Entscheidungsstichwort (Thema)
Grunderwerbsteuer, Kfz-Steuer, sonstige Verkehrsteuern Verfahrensrecht, Abgabenordnung
Leitsatz (amtlich)
Zur kraftfahrzeugsteuerrechtlichen Beurteilung eines Langholz-Spezialkraftfahrzeugs.
KraftStG 1961 §§ 2 Nr. 6, 10 Abs. 1 Nr. 2, Abs. 3, 11 Abs. 2 Nr. 1; AO §§ 289 Abs. 2, 290 Abs. 1; GG
Normenkette
KraftStG § 2 Nr. 6, § 10/1/2, § 10 Abs. 3, § 11 Abs. 2 Nr. 1; AO § 289 Abs. 2; FGO § 120 Abs. 1; AO § 290/1; FGO § 120 Abs. 2; GG Art. 3 Abs. 1, Art. 20 Abs. 3
Tatbestand
Die Bfin. betreibt ein Transportunternehmen. Im Streitfall handelt es sich um die kraftfahrzeugsteuerrechtliche Beurteilung eines Langholzspezialmotorfahrzeugs und eines Nachläufers der Bfin. Die Bfin. begehrt Steuerfreiheit nach § 2 Nr. 6 KraftStG 1961.

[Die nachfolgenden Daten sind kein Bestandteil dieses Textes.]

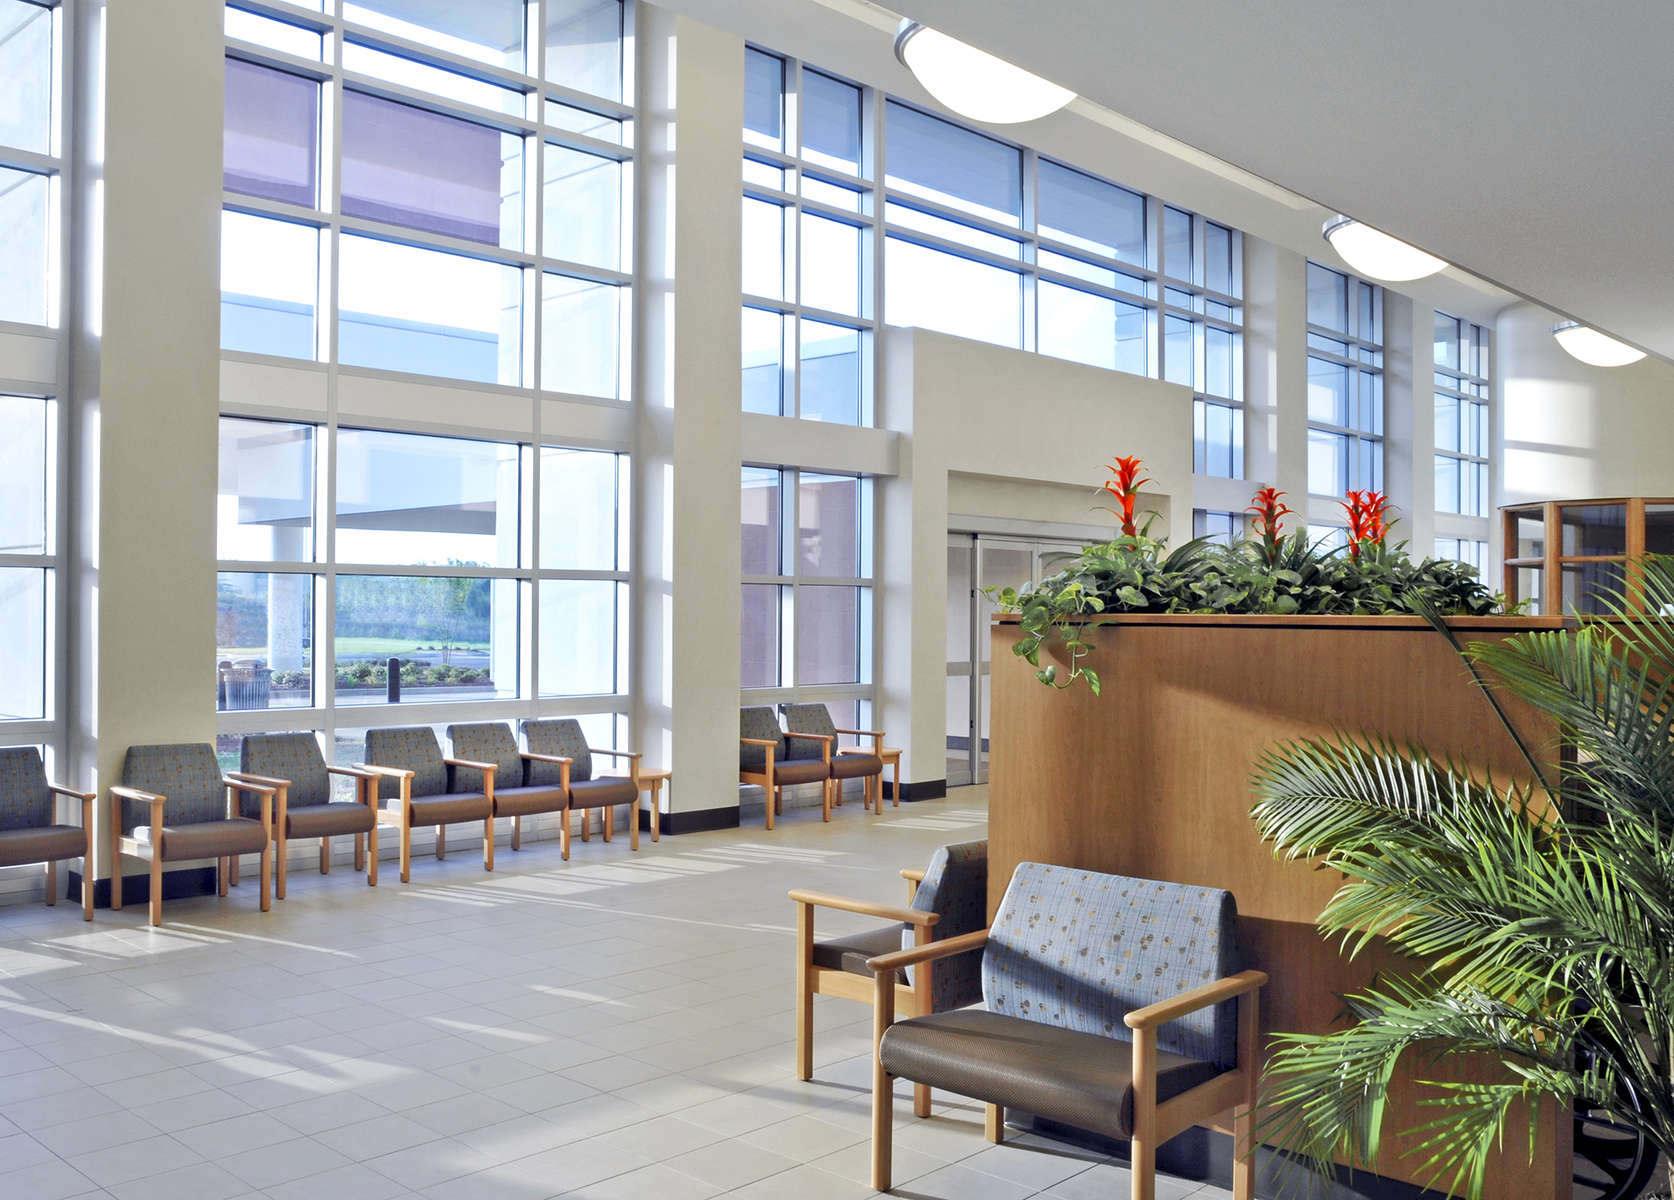 Clearview Regional Medical Center InteriorMonroe, GA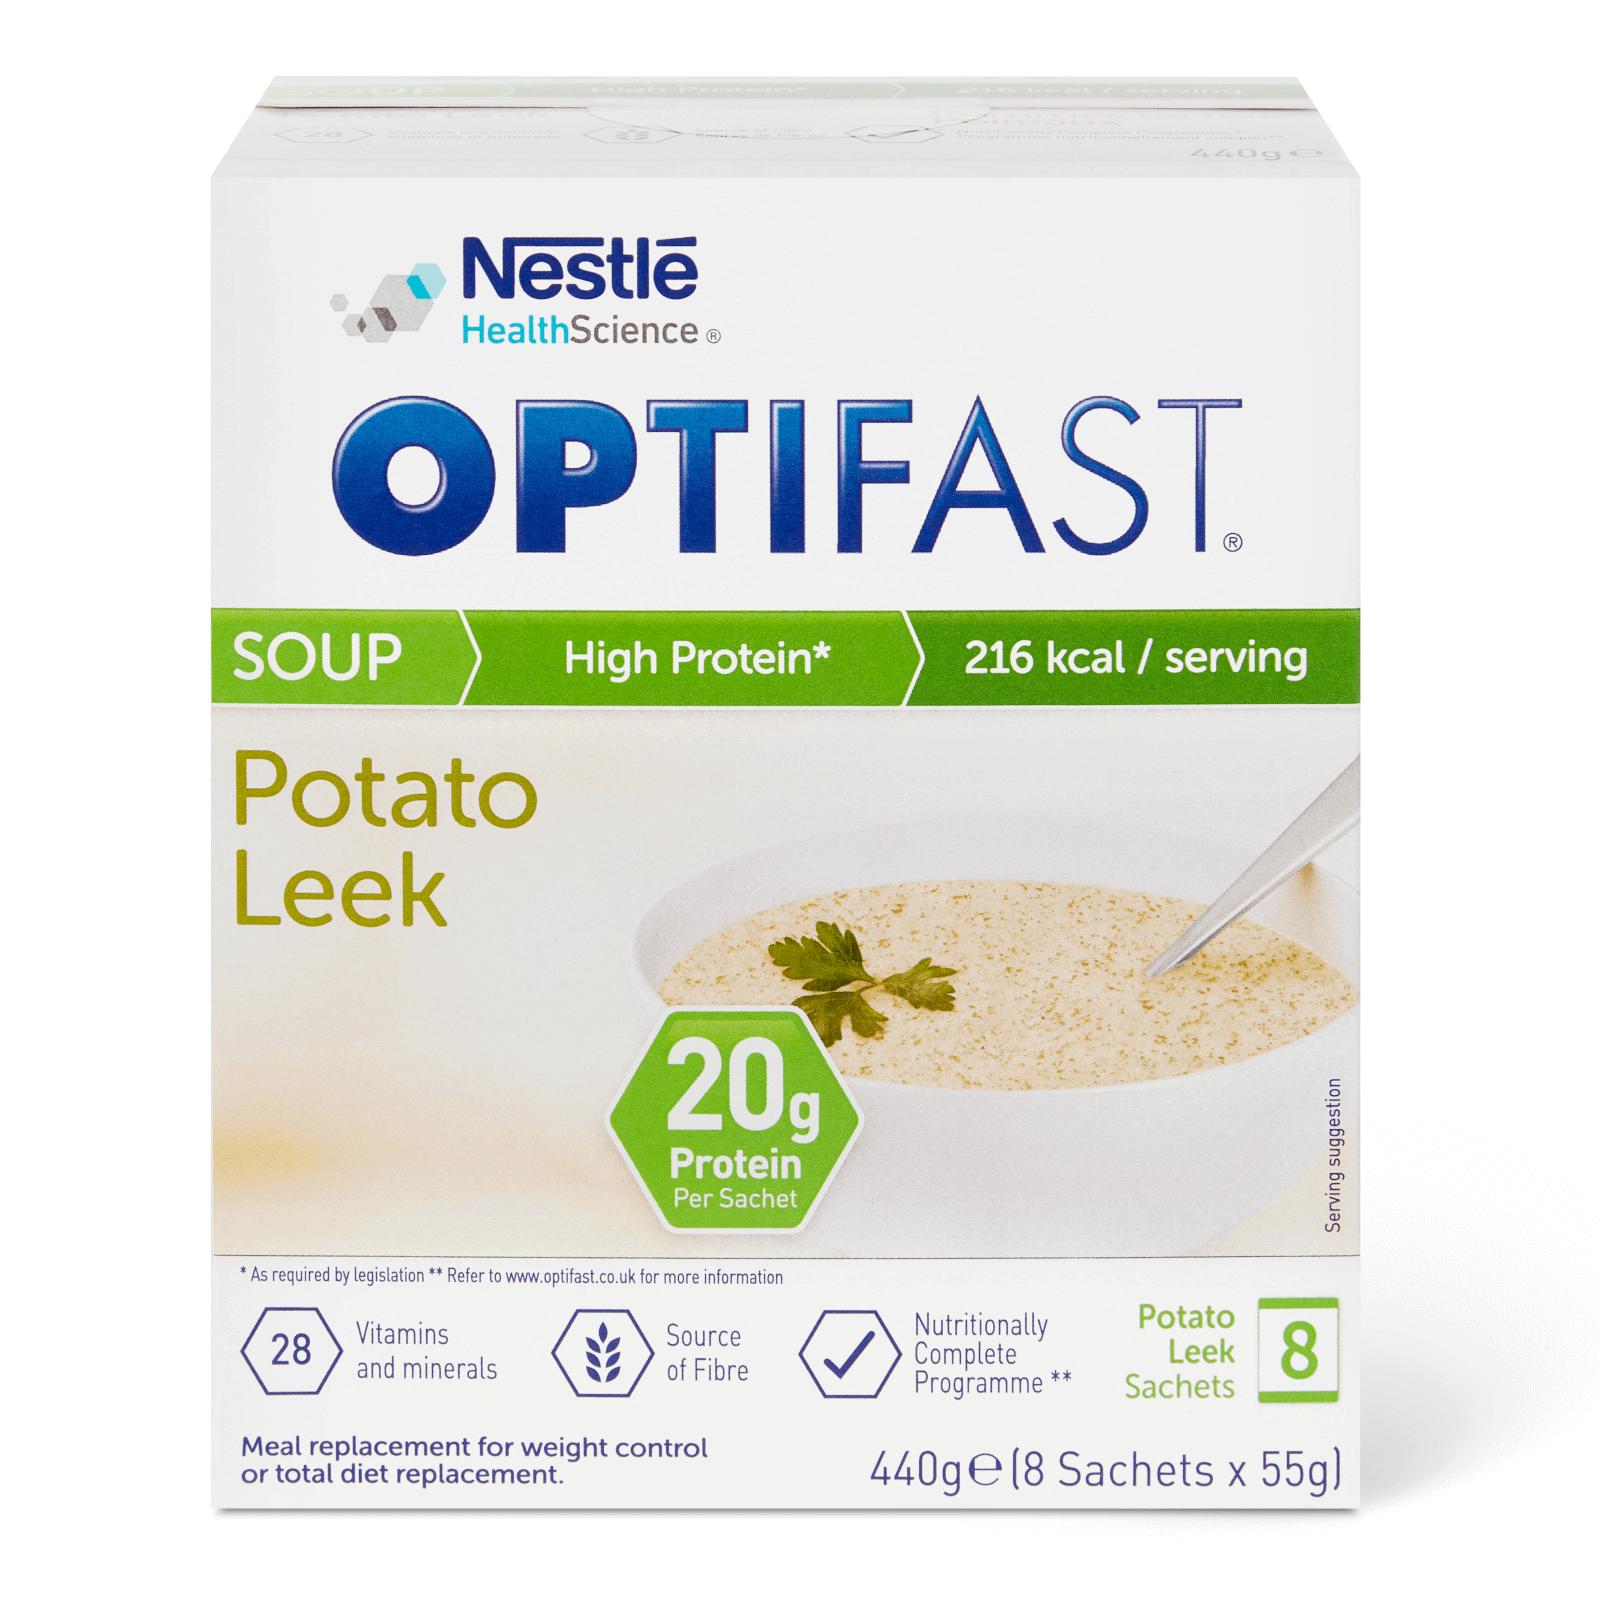 Image of the Leek & Potato flavour OPTIFAST soup

Sowohl das Motorfahrzeug wie der Nachläufer sind seit mehreren Jahren für die Bfin. zugelassen. Das Motorfahrzeug hat ein zulässiges Gesamtgewicht von - kg. Der Nachläufer hat ein zulässiges Gesamtgewicht von - kg; nach einem Prüfbericht der technischen Prüfstelle kann er nur zugleich mit dem Motorfahrzeug zum Transport von Rundholz (Langholz) eingesetzt werden. Das Motorfahrzeug der Bfin. hat statt einer Ladefläche einen Drehschemel mit seitlich angebrachten Rungen und eine Aufladevorrichtung für den Transport des leeren Nachläufers. Auf dem Drehschemel ist, ebenso wie auf dem des Nachläufers, eine Reihe Stahlzähne fest angebracht. Durch das aufgeladene Langholz erhält das Motorfahrzeug eine feste Verbindung mit dem sonst nicht verbundenen Nachläufer. Das Langholz kann nur in Verbindung mit dem Nachläufer befördert werden. Das Finanzamt, das die Fahrzeuge zunächst zur Kraftfahrzeugsteuer herangezogen, sie dann aber auf den Vortrag der Bfin. hin, die Fahrzeuge würden nur in land- und forstwirtschaftlichen Betrieben verwendet, steuerfrei gelassen hatte, zog schließlich ab 10. März 1961 die Fahrzeuge wieder zur Kraftfahrzeugsteuer heran, und zwar das Motorfahrzeug nach dem Gesamtgewicht von - kg zu einer Jahressteuer von - DM, den Nachläufer (in Anwendung des § 11 Abs. 2 Nr. 1 KraftStG) als "Sattelanhänger" nach einem Gesamtgewicht von - kg zu einer (ermäßigten) Jahressteuer von - DM. Die von der Bfin. eingelegten Einsprüche blieben erfolglos.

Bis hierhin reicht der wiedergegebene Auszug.